Intergenerational trauma caused by residential schools and structural racial discrimination has led to a number of present-day human rights violations and abuses in Canada, including the current crisis of missing and murdered Indigenous women and girls. In a report published in 2019, The National Inquiry into Missing and Murdered Women and Girls estimated that Indigenous women and girls are twelve times more likely to be murdered or go missing in Canada, violence that they concluded amounts to genocide. While there have been federal, provincial, and local efforts to address past atrocities, challenges to undoing decades of structural and systematic discrimination remain at all levels of government in this country.
The Truth and Reconciliation Commission published several volumes of reports in both official languages in December 2015. The report itself is brilliantly and beautifully written. It contains numerous first-person testimonies, at times heart-wrenching, that serve as a historical document of Canada’s complicated residential school legacy. The TRC report also includes a number of calls to action toward reconciliation with Indigenous Canadians and the inclusion of First Nations, Metis, and Inuit cultures, rights, and treaties into the cultural and political fabric of Canada. The full report is available to read online as an open-access document and I would urge everyone, not just every Canadian, to read it.

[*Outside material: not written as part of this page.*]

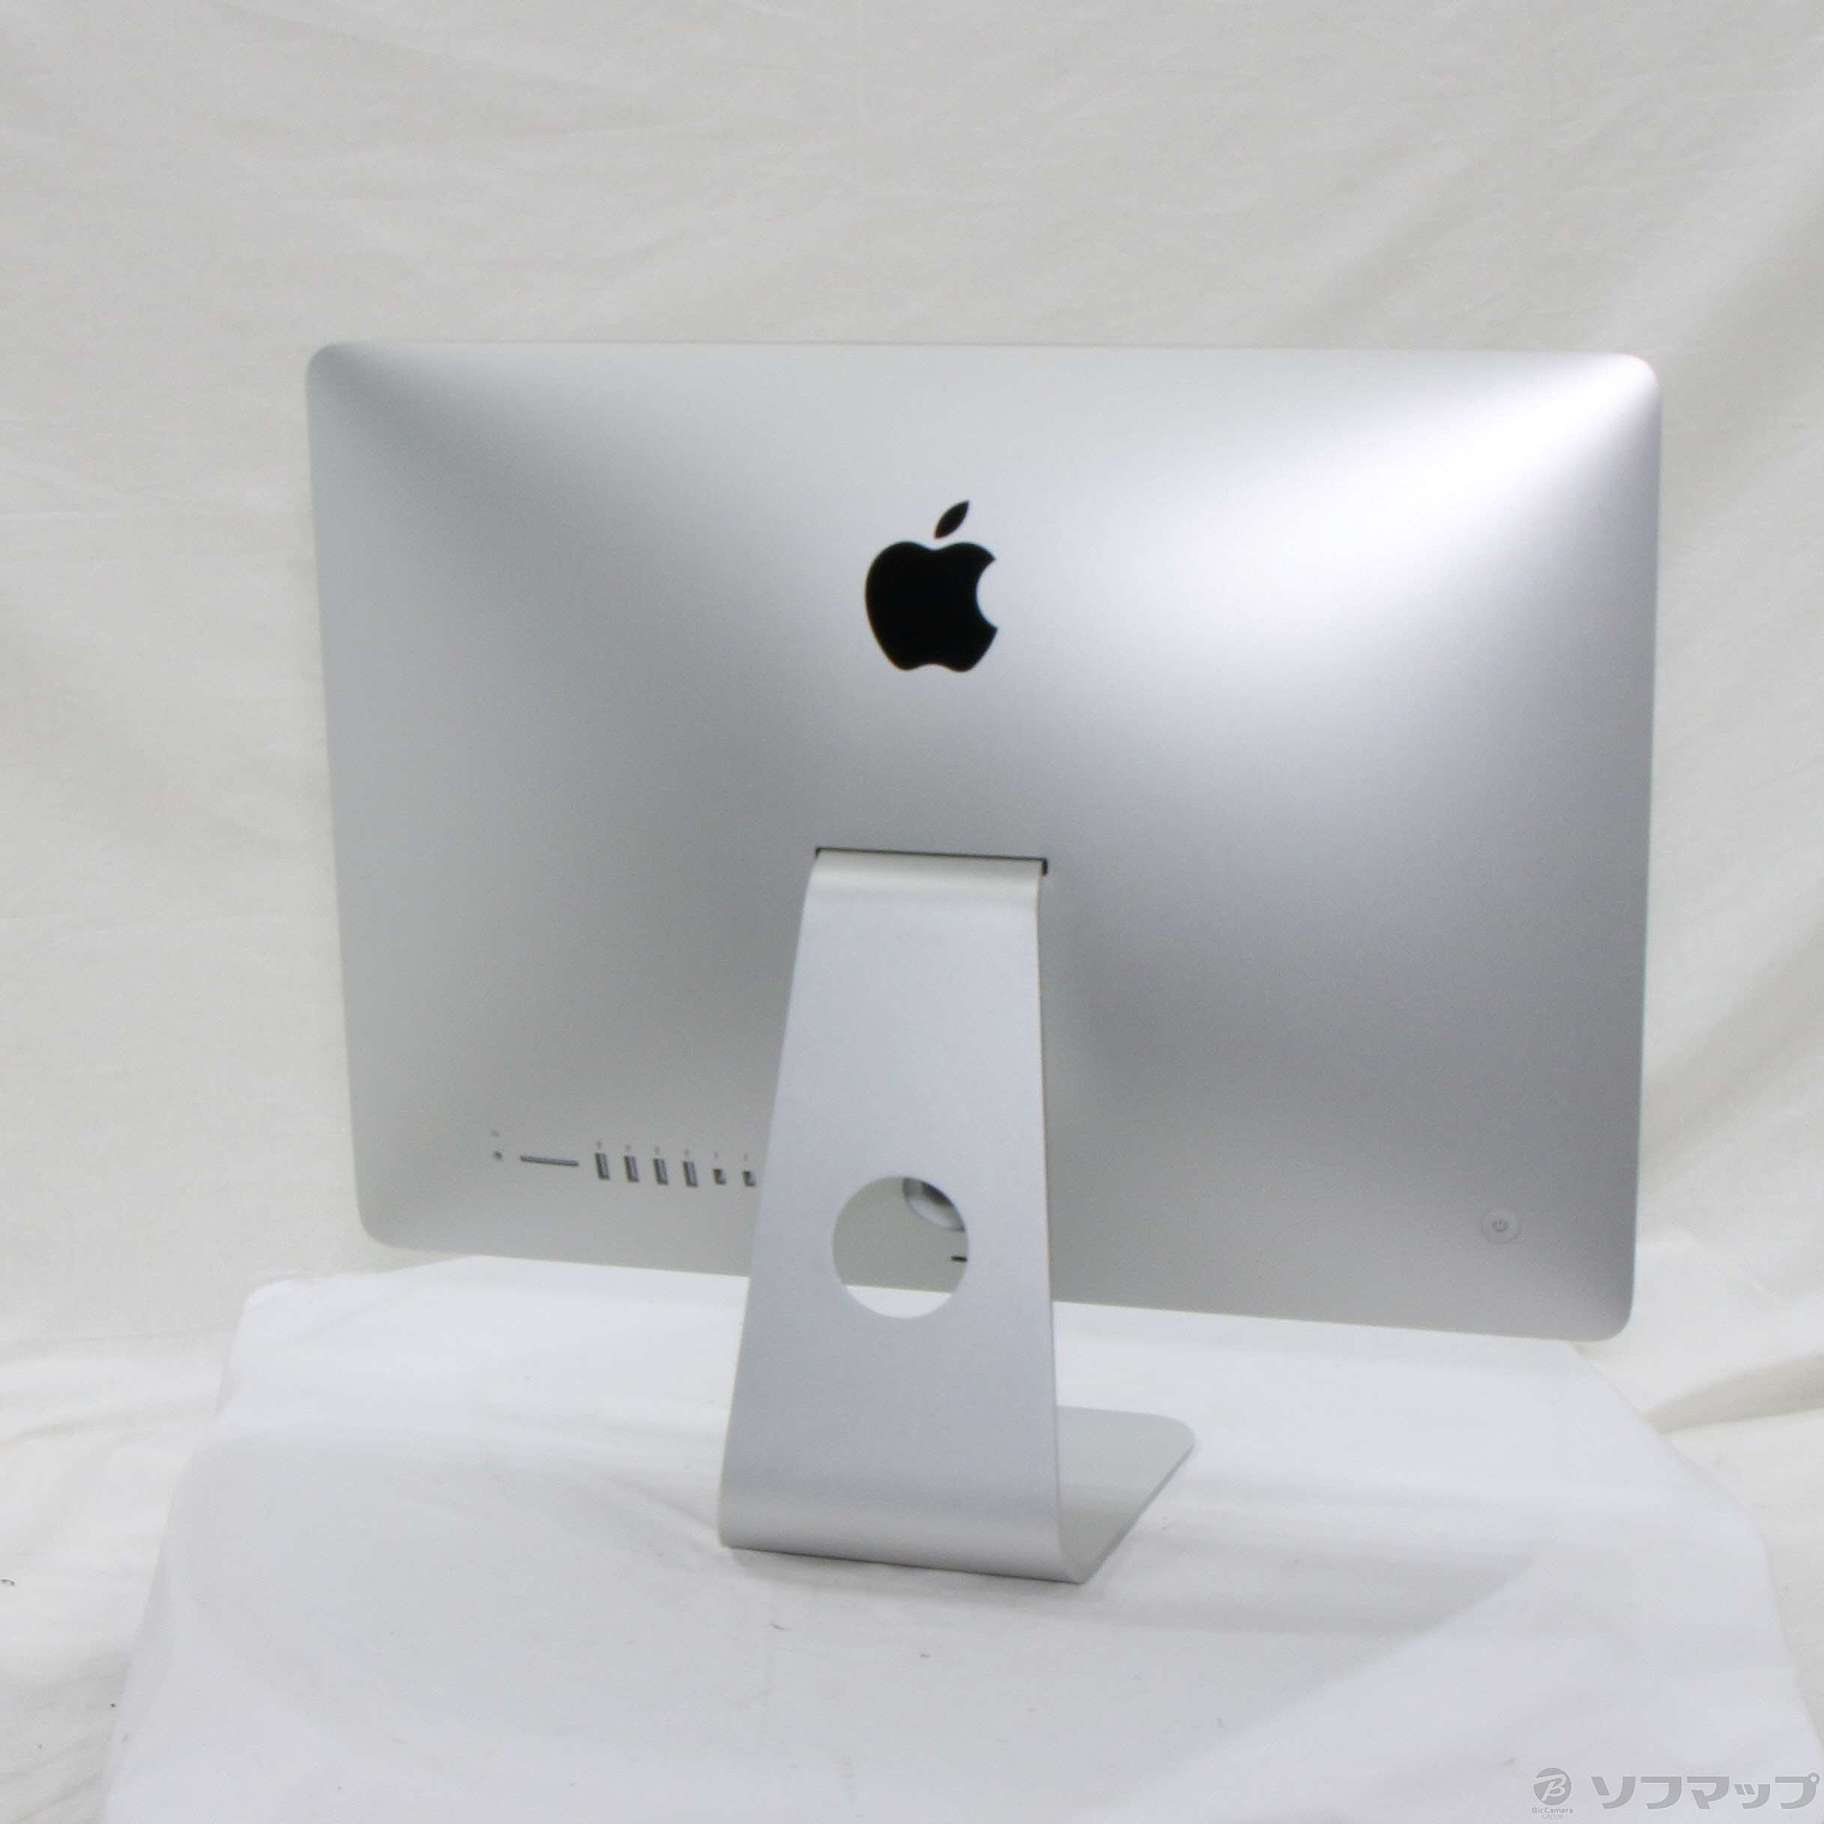 iMac（21.5-inch,Late 2013）ME086J/A ④ | angeloawards.com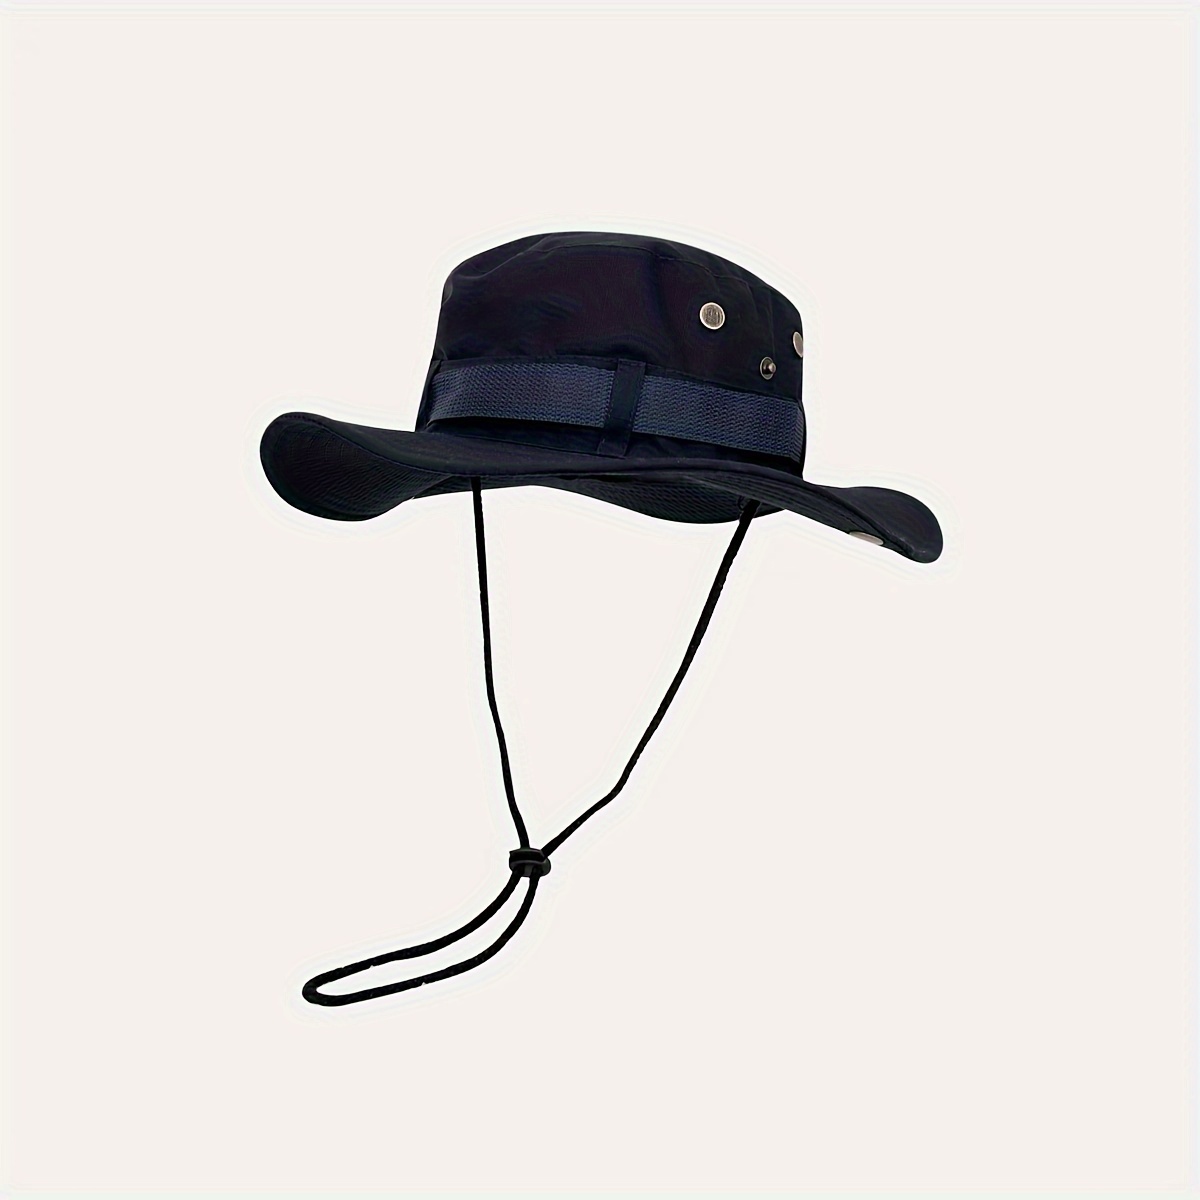 Fishing Hat Boonie Hat Beach Hat, Camping Hat, Gardening Hat, Outdoor Hat, Floppy Hat For Men & Women

Because this is a forum about sport, and because athletes from Canada’s Indigenous communities have represented this country excelling in a variety of sports on the international stage, across history, and against the odds, I wanted to know what the TRC report said about athletics. A section of the report entitled Sports: Inspiring Lives, and Healthy Communities identifies that many survivors of residential schools testified that playing sports made their lives more bearable, and gave them a sense of identity, accomplishment, and pride. The TRC recognizes that sport is a place where we speak a universal language – a language of a shared passion for our moving bodies through time and space, with strength and skill, and their report lists a number of calls to action related to sport, including:
“87) We call upon all levels of government, in collaboration with Aboriginal peoples, sports halls of fame, and other relevant organizations, to provide public education that tells the national story of Aboriginal athletes in history.”
“88) We call upon all levels of government to take action to ensure long-term Aboriginal athlete development and growth, and continued support for the North American Indigenous Games, including funding to host the games and for provincial and territorial team preparation and travel.”
“89) We call upon the federal government to amend the Physical Activity and Sport Act to support reconciliation by ensuring that policies to promote physical activity as a fundamental element of health and well-being, reduce barriers to sports participation, increase the pursuit of excellence in sport, and build capacity in the Canadian sport system, are inclusive of Aboriginal peoples.”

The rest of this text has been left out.